The safe approach for initiating capture the first time involves the following steps:
- Schedule implementation for a quiet point.
- Determine the "current" LSN as a starting point by following the procedure and examples below.
- Setting the LSN at the global capture agent level (i.e. all tables) using the SQDCONF modify command.
- Start the capture agent.
Example 1
Set the LSN at the capture agent level (i.e. all tables) with the SQDCONF modify command to start at the "Current LSN".
- Run the Db2pd command to determine the current log number, for example:
$ Db2pd -log -db <database_name>
Database Member 0 -- Database SAMPLE -- Active -- Up 0 days 00:27:02 -- Date 2018-05-23-14.49.45.515600 Logs: Current Log Number 2 Pages Written 19 Cur Commit Disk Log Reads 0 Cur Commit Total Log Reads 0 Method 1 Archive Status n/a Method 1 Next Log to Archive n/a Method 1 First Failure n/a Method 2 Archive Status n/a Method 2 Next Log to Archive n/a Method 2 First Failure n/a Log Chain ID 0 Current LSO 57142478 Current LSN 0x000000000004FB14 Address StartLSN StartLSO State Size Pages Filename 0x00007F164E99F090 00000000000429EC 48912001 0x00000000 1000 1000 S0000000.LOG 0x00007F16511319F0 000000000004901E 52988001 0x00000000 1000 1000 S0000001.LOG 0x00007F1651132350 000000000004F9A6 57064001 0x00000000 1000 1000 S0000002.LOG
Note: The most recent (current) log is number 2. - Run the Db2flsn command to determine the LRI / LSN range of that log file:
$ Db2flsn -db SAMPLE -lrirange 2
S0000002.LOG: has LRI range 00000000000000010000000000002254000000000004F9A6 to 000000000000000100000000000022CC000000000004FB13
- Run the sqdconf utility (or edit the shell script used to run the utilitiy) to modify the capture configuration and start the capture:
$ sqdconf modify /<SQDATA_VAR_DIR>/udbcdc/udbcdc.cab --lsn=00000000000022CC:000000000004FB13 $ sqdconf apply /<SQDATA_VAR_DIR>/udbcdc/udbcdc.cab $ sqdconf start /<SQDATA_VAR_DIR>/udbcdc/udbcdc.cab --safe-restart=00000000000022CC:000000000004FB13
Example 2
- Run GetStartLSN.sh
#!/bin/bash DATABASE="${1:-sample}" save_clnum="" db2pd -log -db $DATABASE > /tmp/db2.log.output_$$ while IFS= read -r line; do if [ ! -z "$line" ]; then fields=($(printf "%s" "$line"|cut -d' ' --output-delimiter=' ' -f1-)) if [ "${fields[0]}" == "Current" ]; then if [ "${fields[1]}" == "Log" ]; then save_clnum="${fields[3]}" fi fi fi done < '/tmp/db2.log.output_'$$ #cat /tmp/db2.log.output_$$ db2flsn -db $DATABASE -lrirange ${save_clnum} | (read -r lri; flds=($(printf "%s" "$lri"|cut -d' ' --output-delimiter=' ' -f1-)) lsn=${flds[6]:16:16}":"${flds[6]:32:16} echo " --lsn="$lsn echo "--safe-restart="$lsn ) rm /tmp/db2.log.output_$$
- Perform step 3 in Example 1 to modify the capture configuration and start the capture.
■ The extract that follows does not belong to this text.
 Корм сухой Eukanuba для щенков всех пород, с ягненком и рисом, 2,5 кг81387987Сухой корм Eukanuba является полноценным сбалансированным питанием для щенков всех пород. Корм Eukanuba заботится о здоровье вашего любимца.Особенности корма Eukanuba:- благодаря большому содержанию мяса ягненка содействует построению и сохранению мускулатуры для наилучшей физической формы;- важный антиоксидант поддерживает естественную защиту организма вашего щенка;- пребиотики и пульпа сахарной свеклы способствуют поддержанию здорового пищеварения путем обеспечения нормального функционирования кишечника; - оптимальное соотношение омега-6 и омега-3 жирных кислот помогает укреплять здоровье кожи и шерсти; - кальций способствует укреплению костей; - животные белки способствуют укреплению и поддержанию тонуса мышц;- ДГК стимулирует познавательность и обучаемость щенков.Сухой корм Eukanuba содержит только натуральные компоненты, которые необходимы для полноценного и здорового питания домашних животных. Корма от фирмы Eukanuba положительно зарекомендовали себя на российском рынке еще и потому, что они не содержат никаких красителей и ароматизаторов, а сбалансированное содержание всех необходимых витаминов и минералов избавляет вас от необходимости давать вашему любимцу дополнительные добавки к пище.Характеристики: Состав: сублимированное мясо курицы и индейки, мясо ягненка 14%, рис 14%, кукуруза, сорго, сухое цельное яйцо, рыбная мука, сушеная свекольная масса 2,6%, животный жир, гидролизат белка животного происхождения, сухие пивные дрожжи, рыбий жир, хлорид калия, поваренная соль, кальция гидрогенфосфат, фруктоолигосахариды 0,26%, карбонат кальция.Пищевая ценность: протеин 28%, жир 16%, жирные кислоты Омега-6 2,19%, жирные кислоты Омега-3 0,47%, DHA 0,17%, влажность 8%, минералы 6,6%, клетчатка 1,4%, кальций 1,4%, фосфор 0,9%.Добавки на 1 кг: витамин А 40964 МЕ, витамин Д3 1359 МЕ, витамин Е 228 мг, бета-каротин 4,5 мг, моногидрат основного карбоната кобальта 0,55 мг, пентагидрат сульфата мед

- Both the manual procedure and shell script examples use commands that will likely require DBA permissions because they can only be run on the DB server and the second requires permission to access the log directory/files. If too much time elapses between running these commands and your using them the logs will likely have rolled or been archived in your environment making the number's too old to use.
- Once the starting point is identified it must be specified in the capture configuration file. The initial starting LSN should be set at a global capture agent level (i.e. all tables in the configuration file). Once the LSN is established, it is typically not altered for normal operation. The capture agent continuously updates the global LSN and the individual table LSNs in the configuration file as changed data is being processed. Each time the capture agent starts, data capture is resumed from the last LSN processed.
- A colon (:) must be added to the middle of the two part LRI/LSN.
- If this is the first time the capture has been started after "creating" the capture configuration (.cab) file, then an initial "sqdconf apply" must be run following the "sqdconf mount" command and before issuing the first "sqdconf modify" command.
- A similar procedure would be used in other situations, such as a point-in-time recovery, where you go back and recapture the changes made from a few hours earlier. The appropriate LSN would be determined using the Db2pd and Db2flsn commands.